Holcim führt für sein Vorhaben sowohl Umwelt- als auch Wirtschaftsgründe ins Feld. „Ohne den Einsatz von Ersatzbrennstoffen ist ein Zementwerk mit seinem hohen Energiebedarf nicht wirtschaftlich zu betreiben“, sagt er. In Höver etwa würden ohnehin schon etwa getrockneter Klärschlamm, Kunststoffreste oder Altreifen verfeuert. Renotherm soll unter anderem Teilmengen der rheinischen Braunkohle ersetzen, die derzeit in Höver angeliefert wird. Auf Nachfrage von CDU-Bezirksrat André Becker erklärte Jansen, dass Holcim für die Abnahme von Renotherm von Remondis bezahlt wird.

Anlieferung im luftdicht abgeschlossener Halle

Laut Jansen entstehen durch die neue Verbrennungsanlage keine zusätzlichen Emissionen; die entstehende Asche werde Bestandteil des Zements. Der Brennstoff gelange per Lastwagen ins Werk Diese würden in einer luftdicht abgeschlossenen Anlage entladen und das Material dann direkt in den Herstellungsprozess gegeben. Die dafür erforderlichen drei Fuhren täglich brächten keinen zusätzlichen Lastwagenverkehr mit sich: „Es entfallen ja auch Transporte anderer Brennstoffe“.

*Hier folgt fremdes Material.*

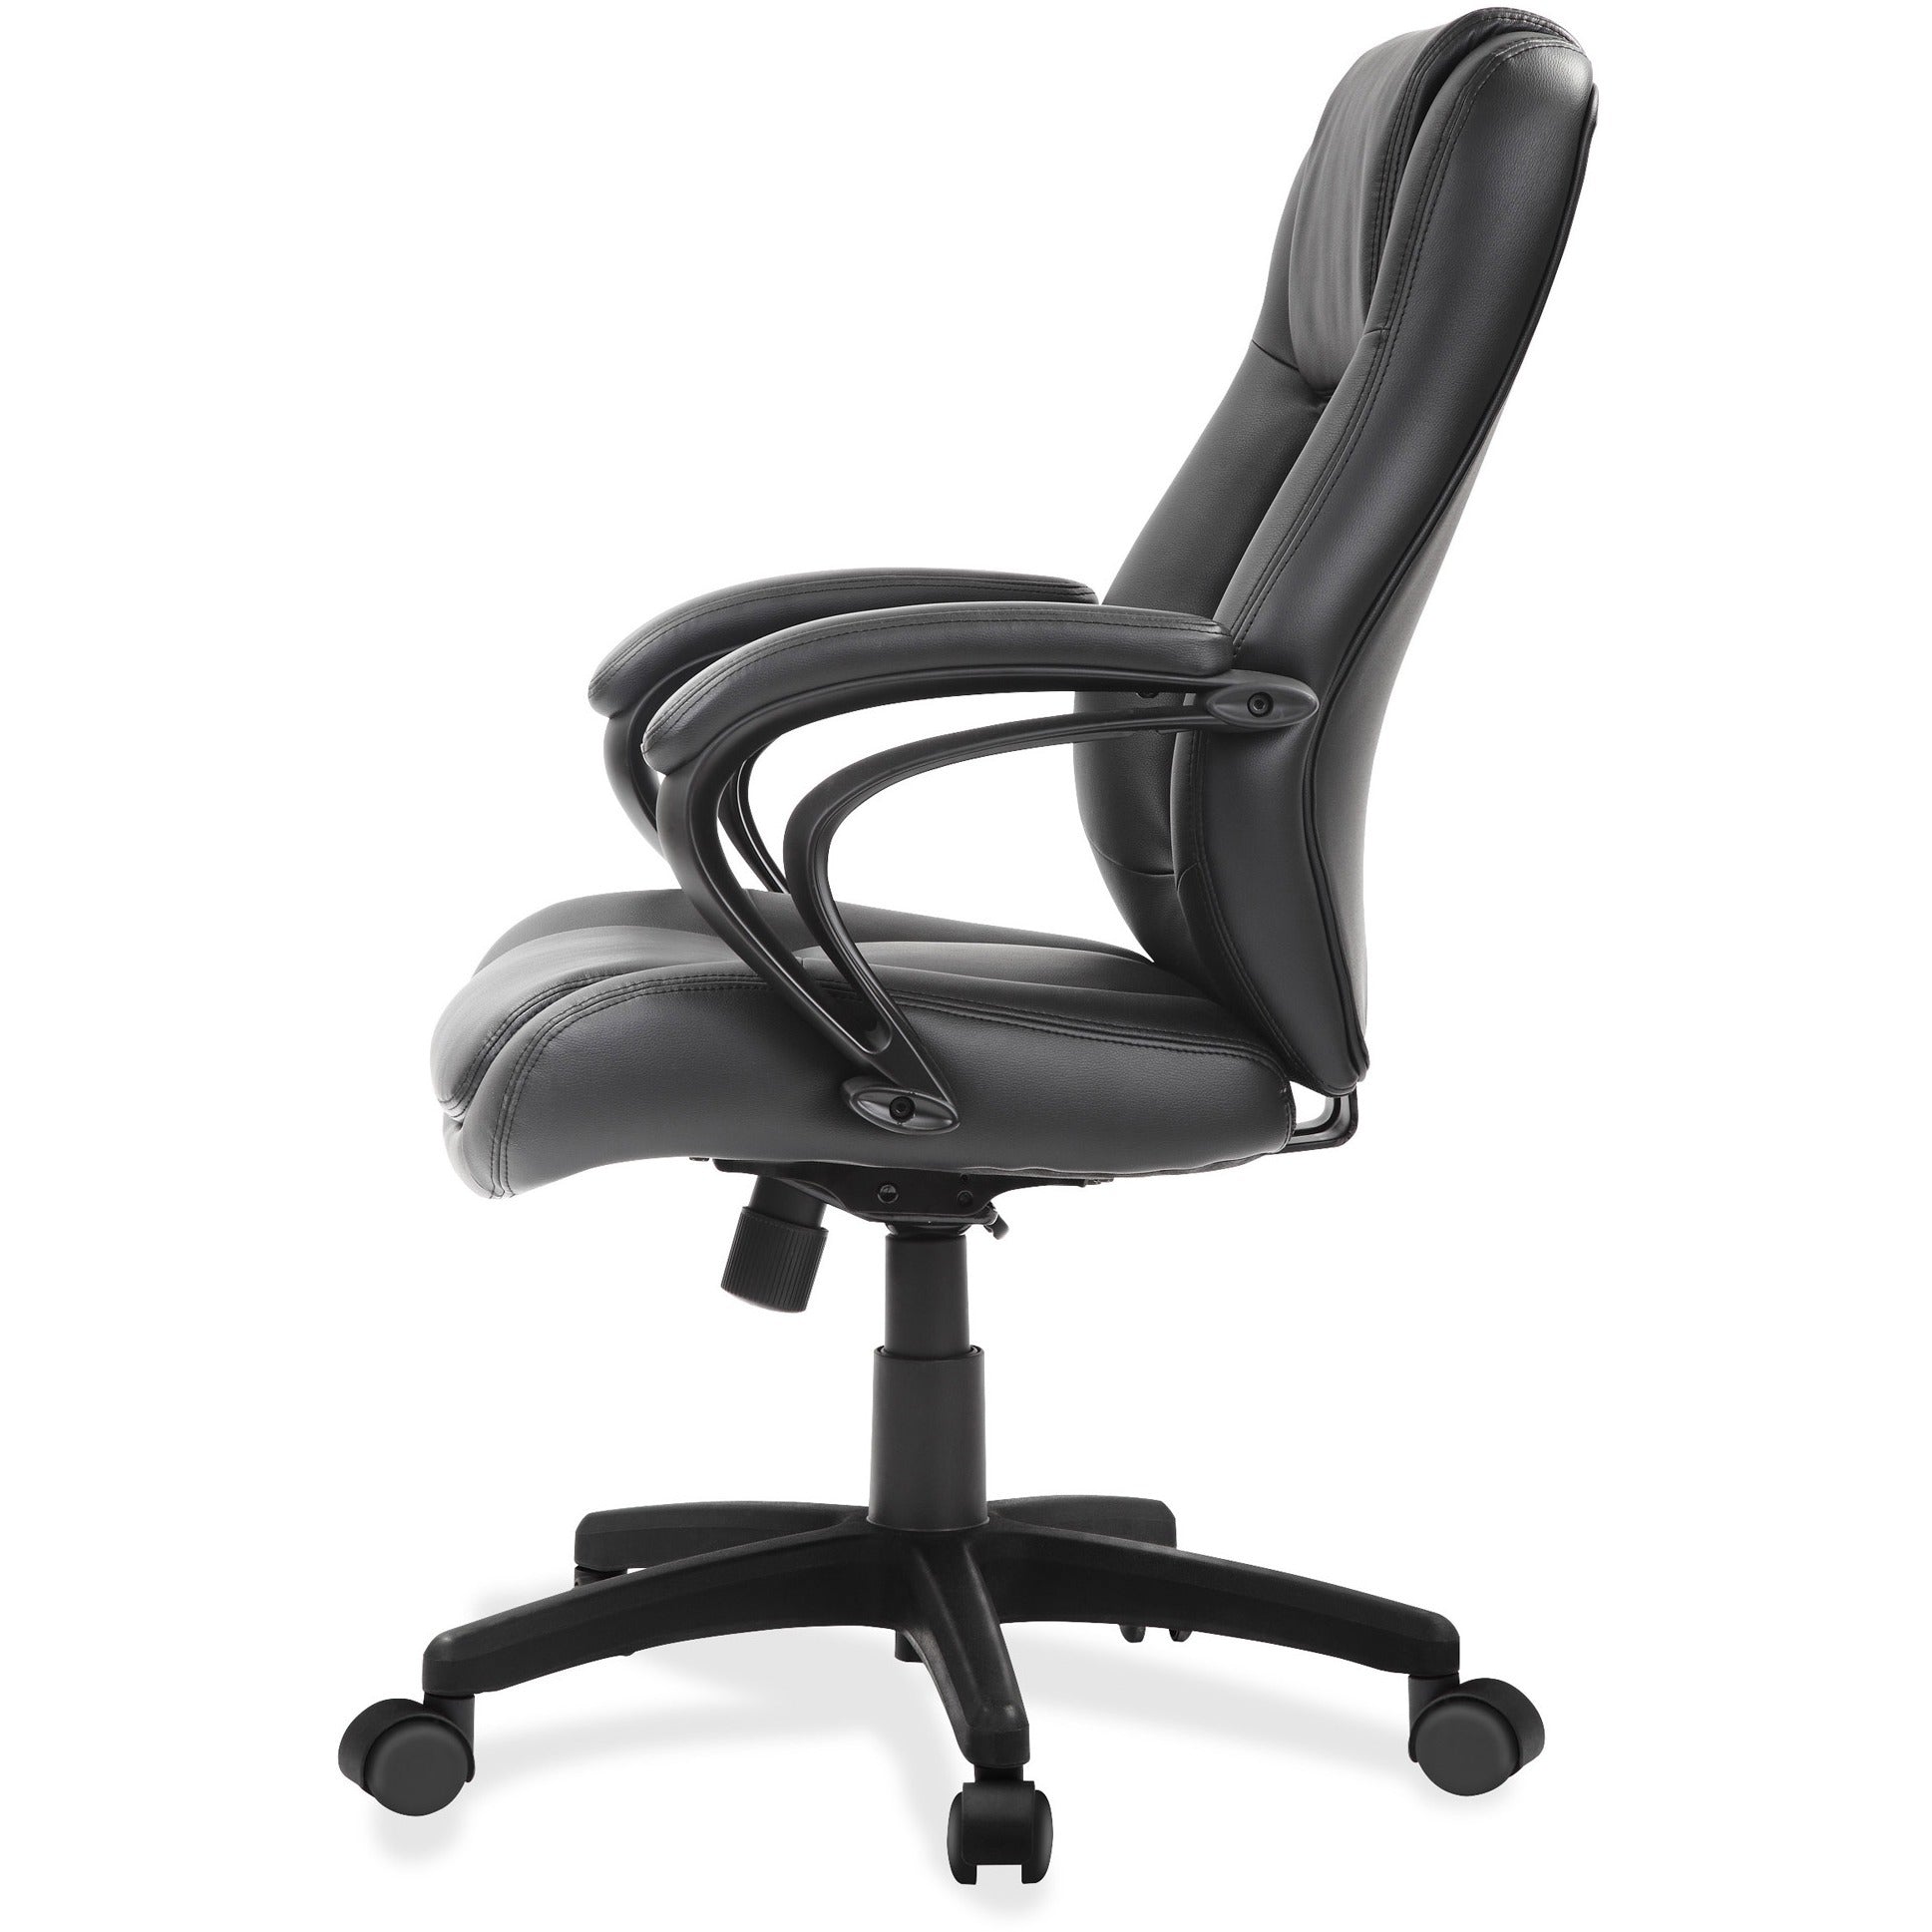 eurotech-pembroke-mid-back-executive-chair-black-bonded-leather-seat-black-bonded-leather-back-low-back-5-star-base-1-each_eutle522 - 3

Was die Bürgerinitiative beunruhigt, ist die Zusammenseztung von Renotherm. Es enthält unter anderem Lackrückstände, Lösungsmittel und Klebstoffreste. „Schadstoffgrenzwerte müssen eingehalten und überwacht werden. Bei Verstößen muss es Sanktionierungen geben“, sagte Grünewald, der die Initiative inzwischen ins Vereinsregister eintragen lassen hat. Am liebsten wäre ihm aber, wenn die Pläne gestoppt würden. Die Initiative trägt den Namen „BI gegen Verbrennung gefährlicher Abfälle im Zementwerk Höver“.